Hesychia is “stillness.” Anxiety, anger and shame are the enemies of stillness. St. Paul writes: “Bless those who persecute you; bless and do not curse them.” This might not seem a matter of stillness at first glance. However, it goes to its very heart. What do we want to curse? Everything that we dislike; everything that opposes us; everything that we insist on controlling and changing. We are discontent. The noise of discontentment drowns out the silence and we search, not for silence, but for the constant change that is simply more noise.
Hesychia comes by the quiet of the heart. The noise of the passions, the little thoughts that distract with their condemning and judging voices, will likely continue, regardless of stillness. They are like the sound of the wind or the rustling of leaves – noises in the background that can and should be ignored. Such voices are artifacts, akin to muscle aches and pains: they should not be described as thoughts, per se. The quiet of the heart is found in staying put, blessing whatever situation confronts us. It is possible only because Christ is risen from the dead.
Hesychia is a characteristic of love. When we read that “love is patient and kind” (1Cor. 13:4), we are seeing a description of God Himself (who is Love). Our anxiety and shame cause us to be angry with God (and one another) and despair that He allows the world to be as it is. Hesychia is patient and kind, even to the “evil and the ungrateful” (Luke 6:35).

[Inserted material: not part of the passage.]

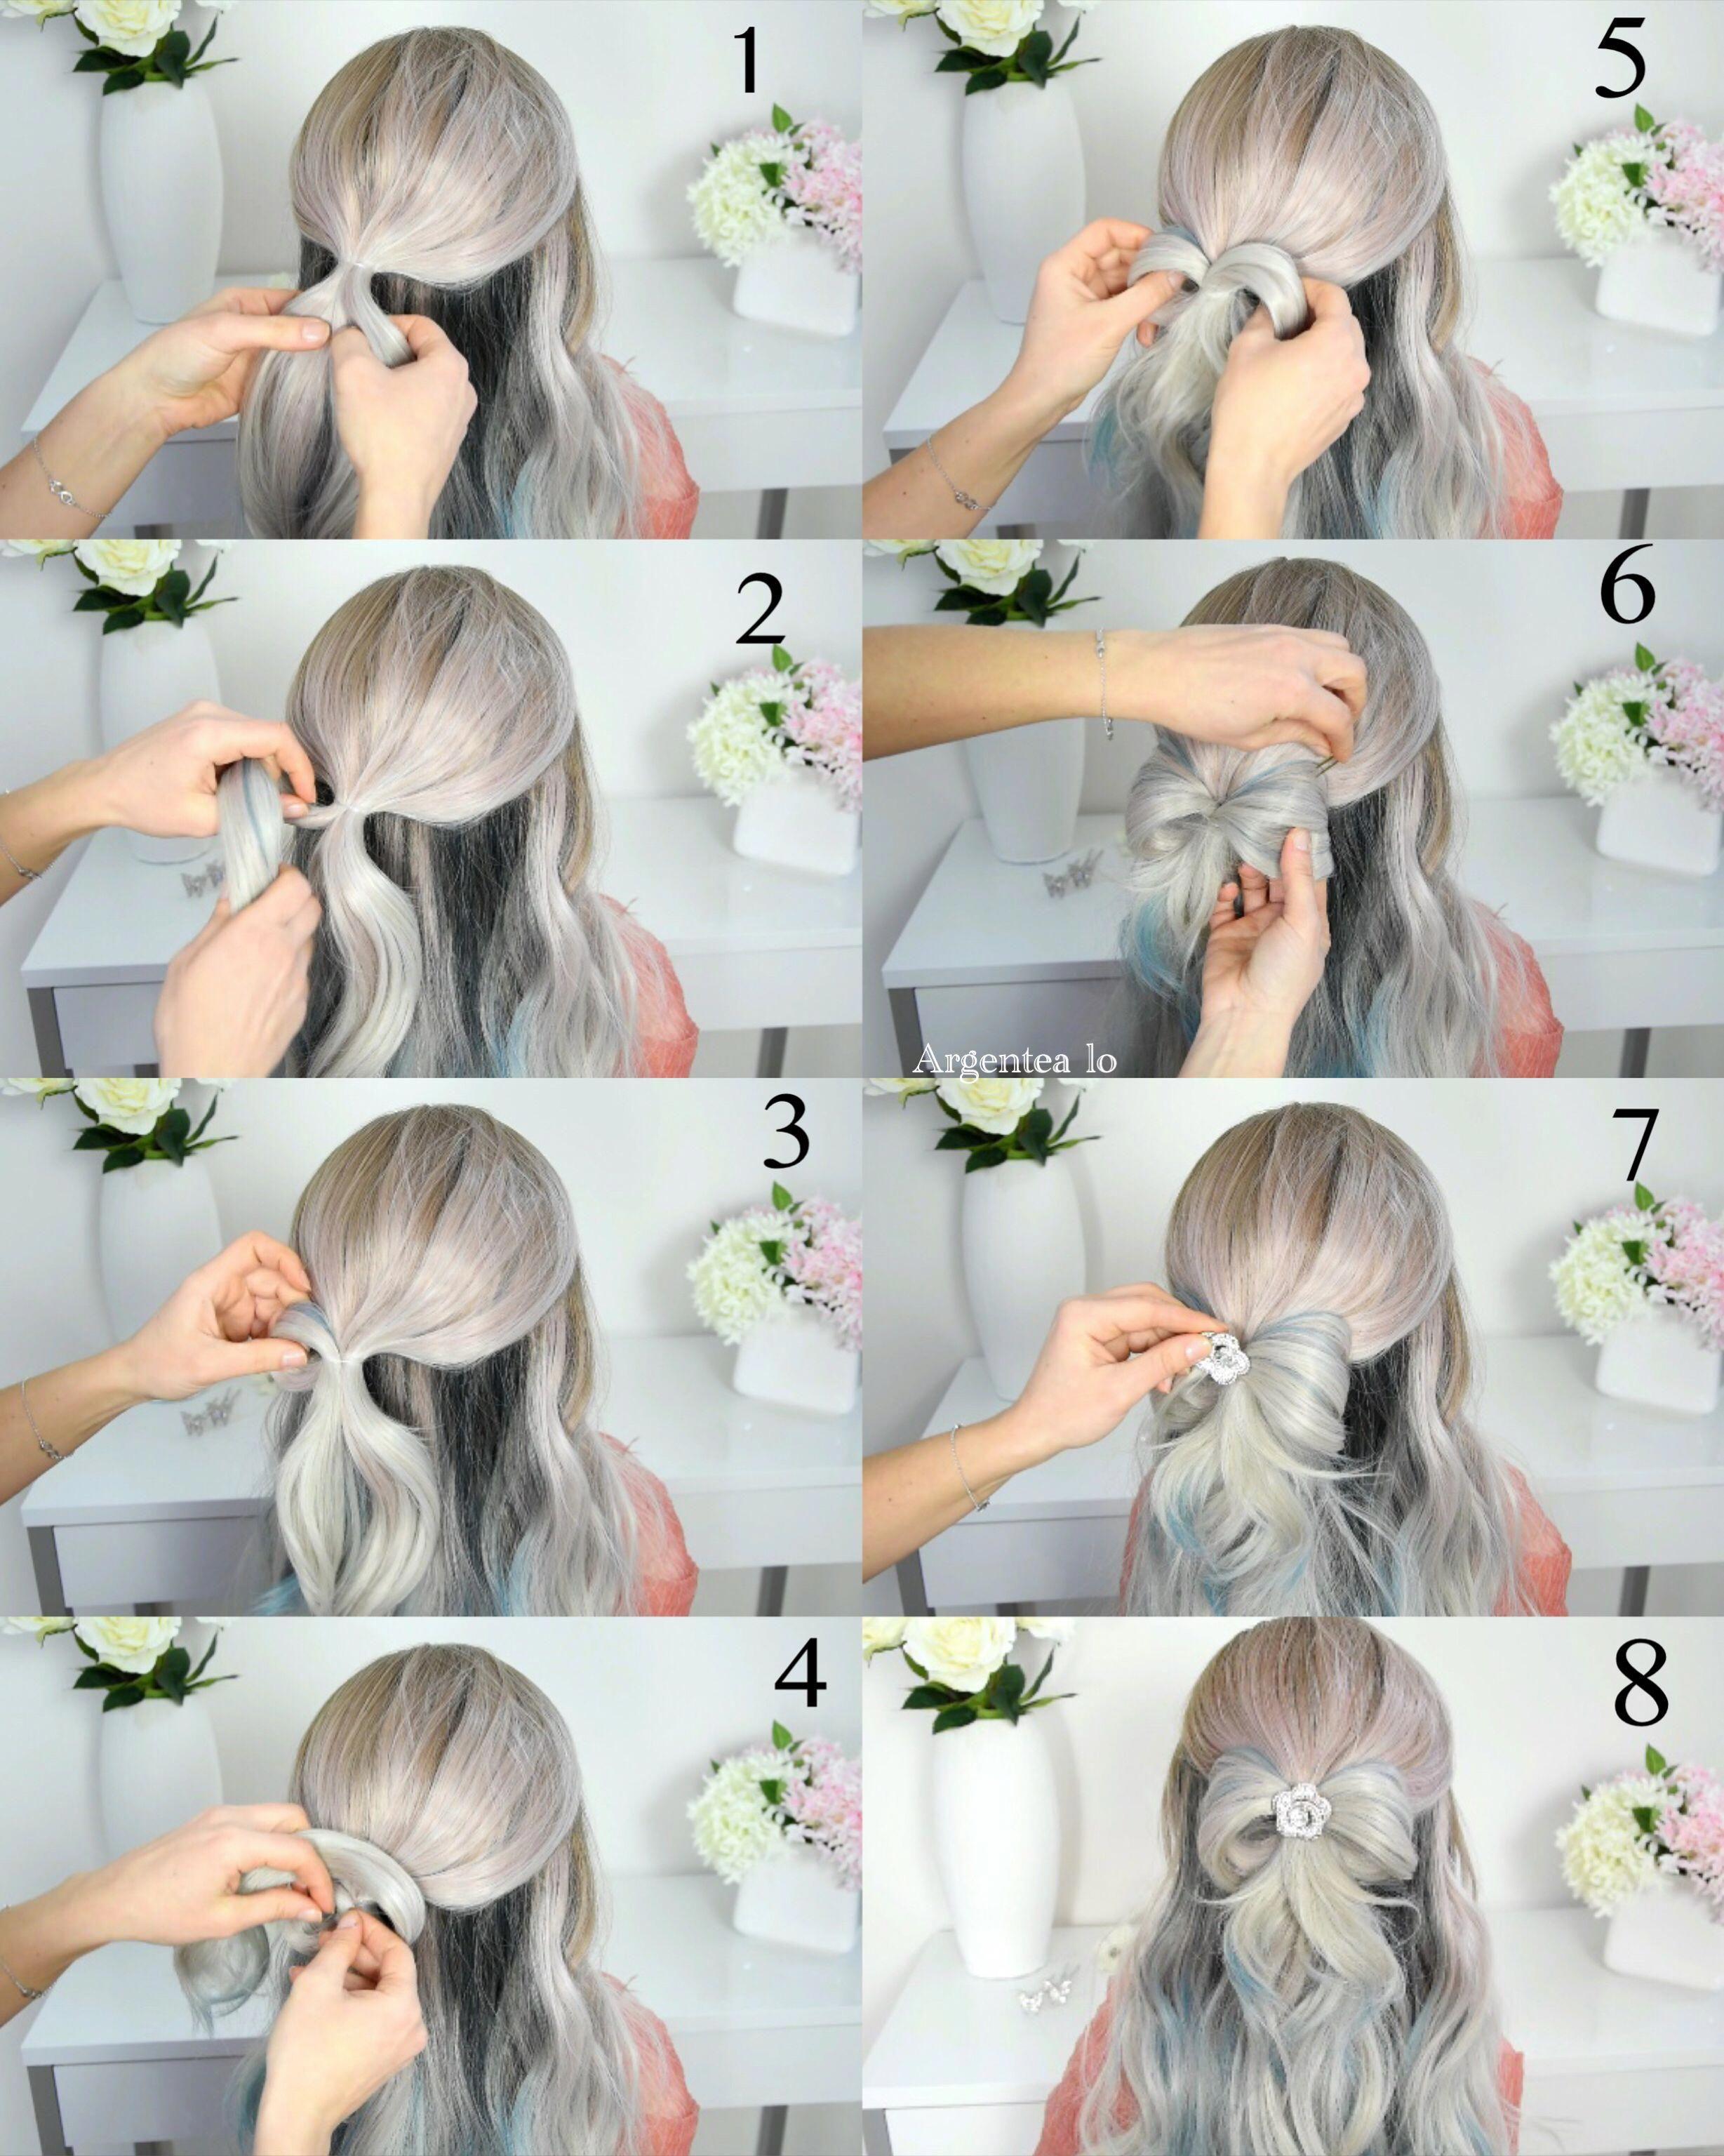 Pin by Kelcie Schnitzler on hairstyles in 2020 | Step by step hairstyles, Bow hairstyle, Hair styles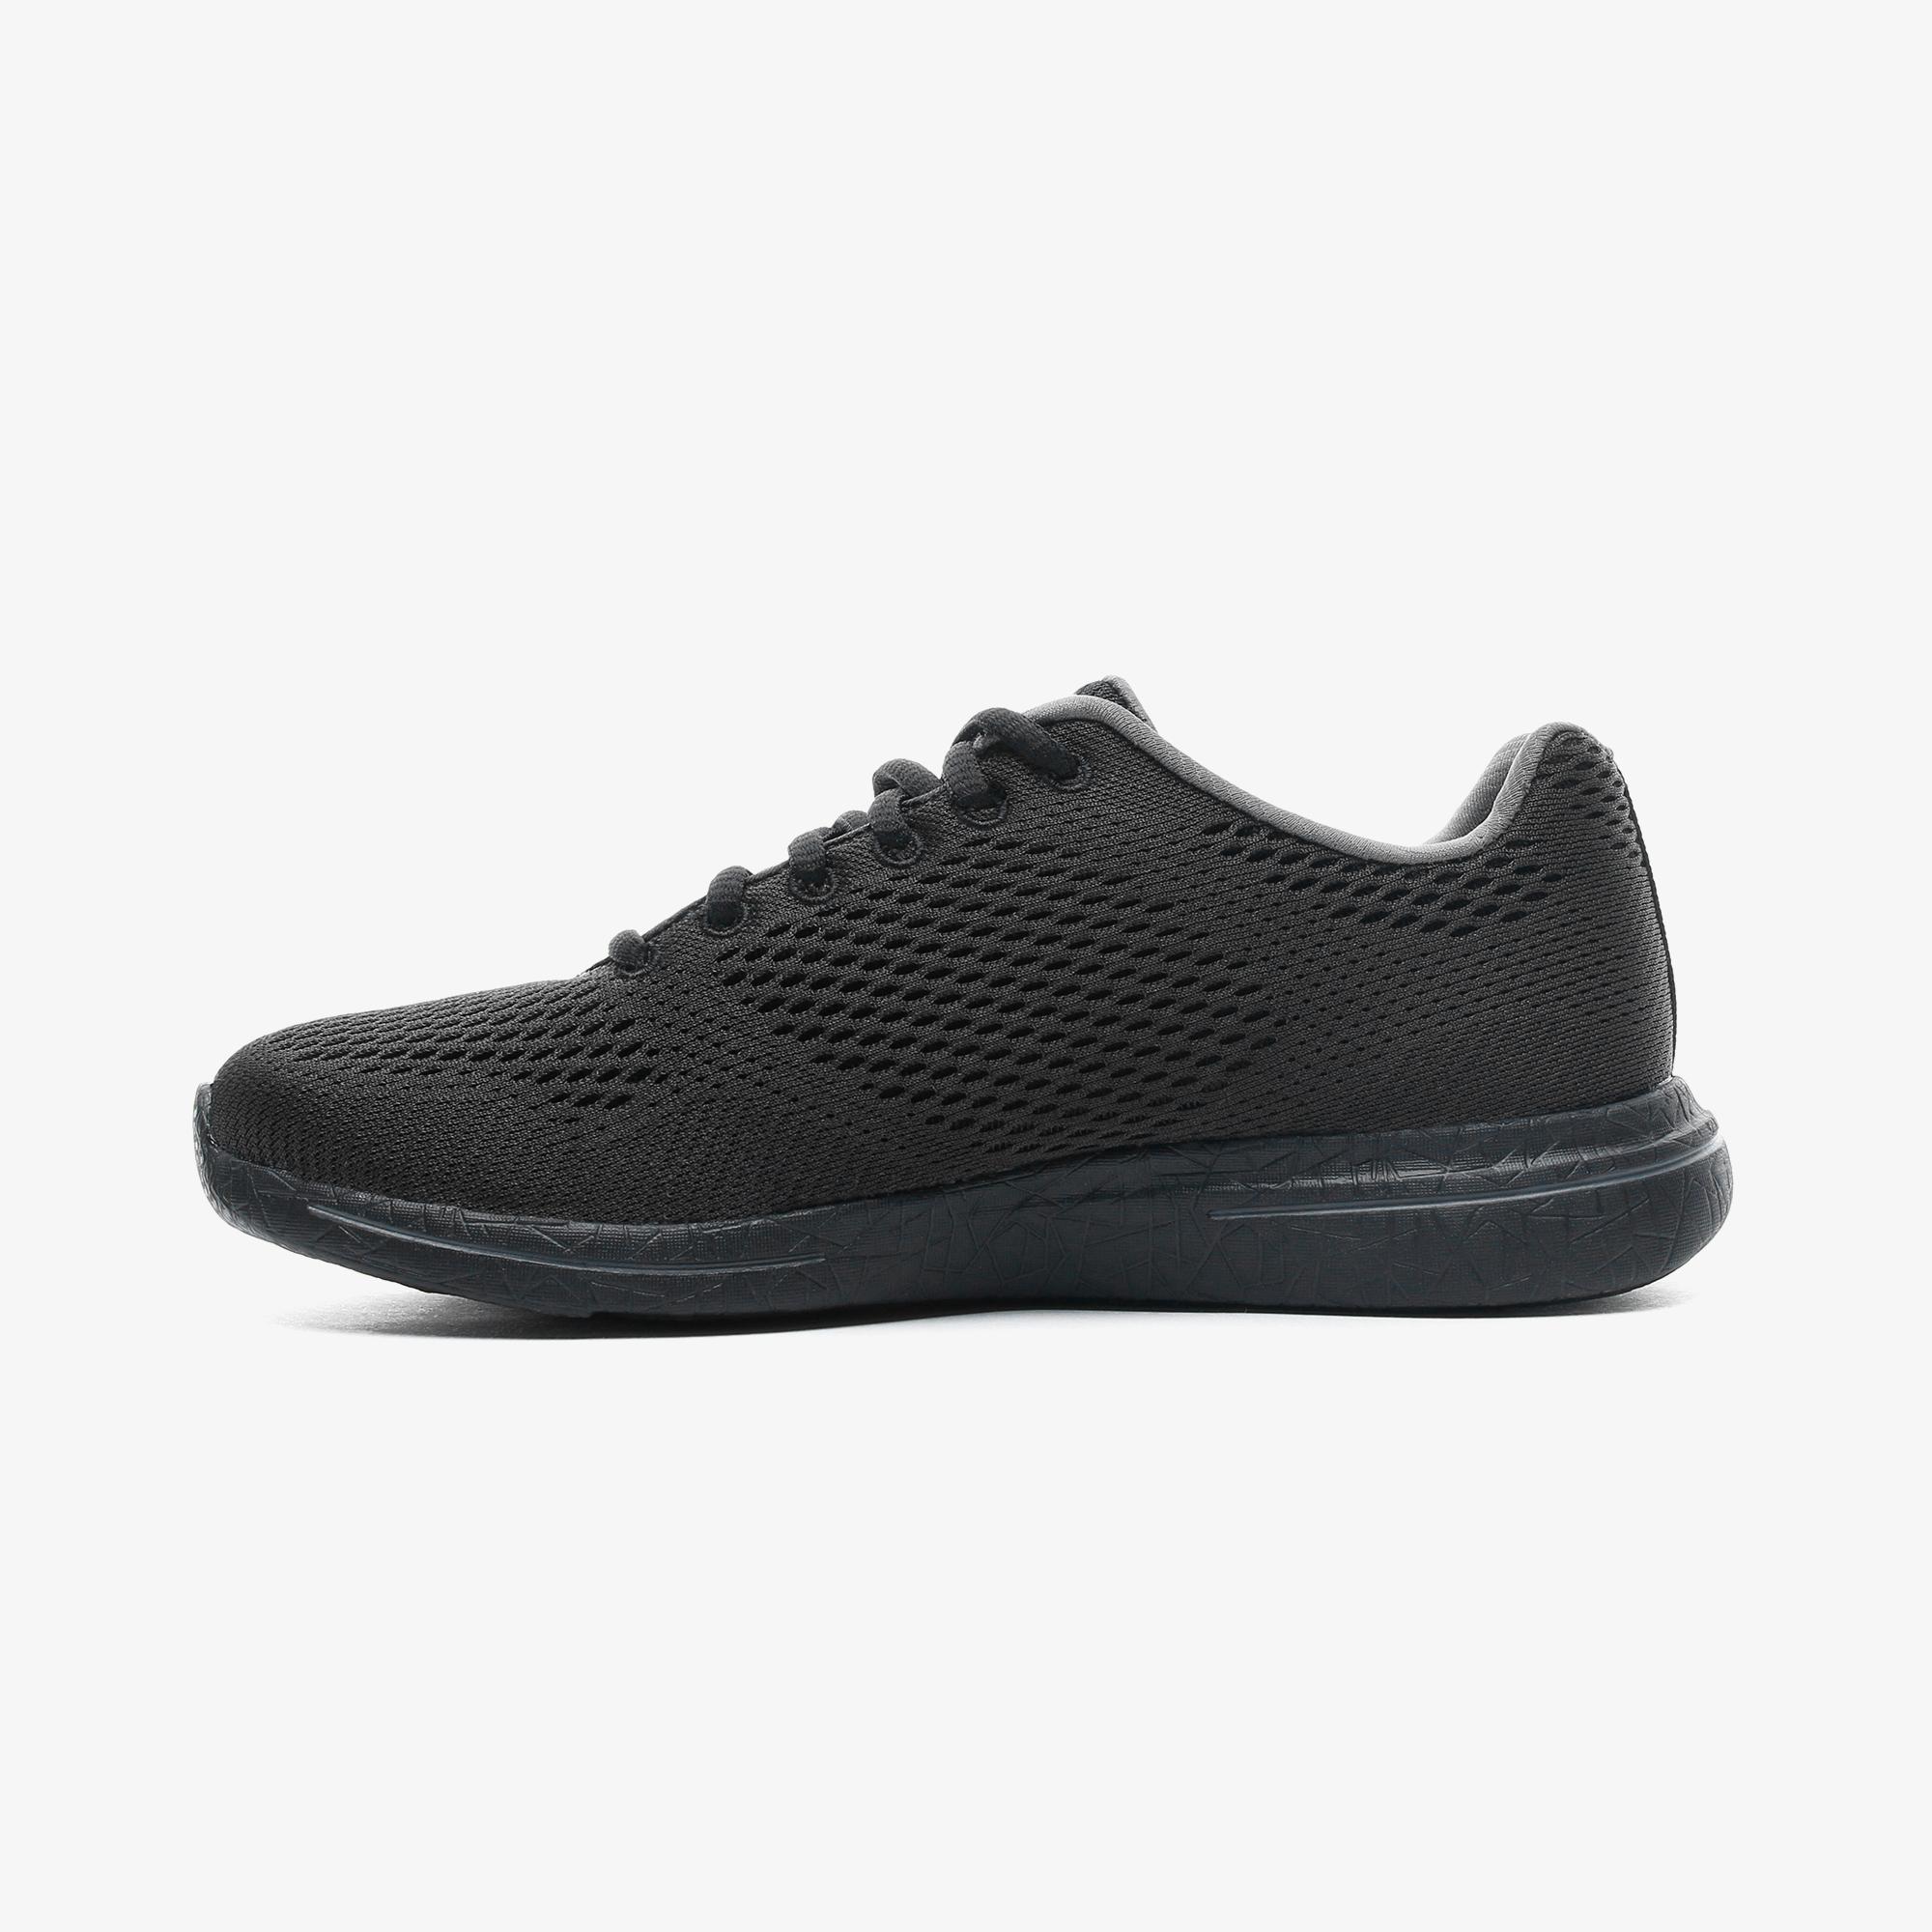 Skechers Burst 2.0 Kadın Siyah Spor Ayakkabı

It generally seems to us that the nature and pace of modern life make stillness impossible. But this is not the case. It is possible to live in a consumerist culture and not be a consumerist. It is possible to live in a culture that is anxious and angry, in need of control and “progress,” and yet be content. To a great extent, the practice of stillness comes by paying attention to what is actually at hand (rather than what we imagine to be at hand) and blessing it.
I have calmed and quieted myself, like a weaned child with its mother. Like a weaned child, I am content.
Shhh. Peace. Be still. It will be alright. God is good.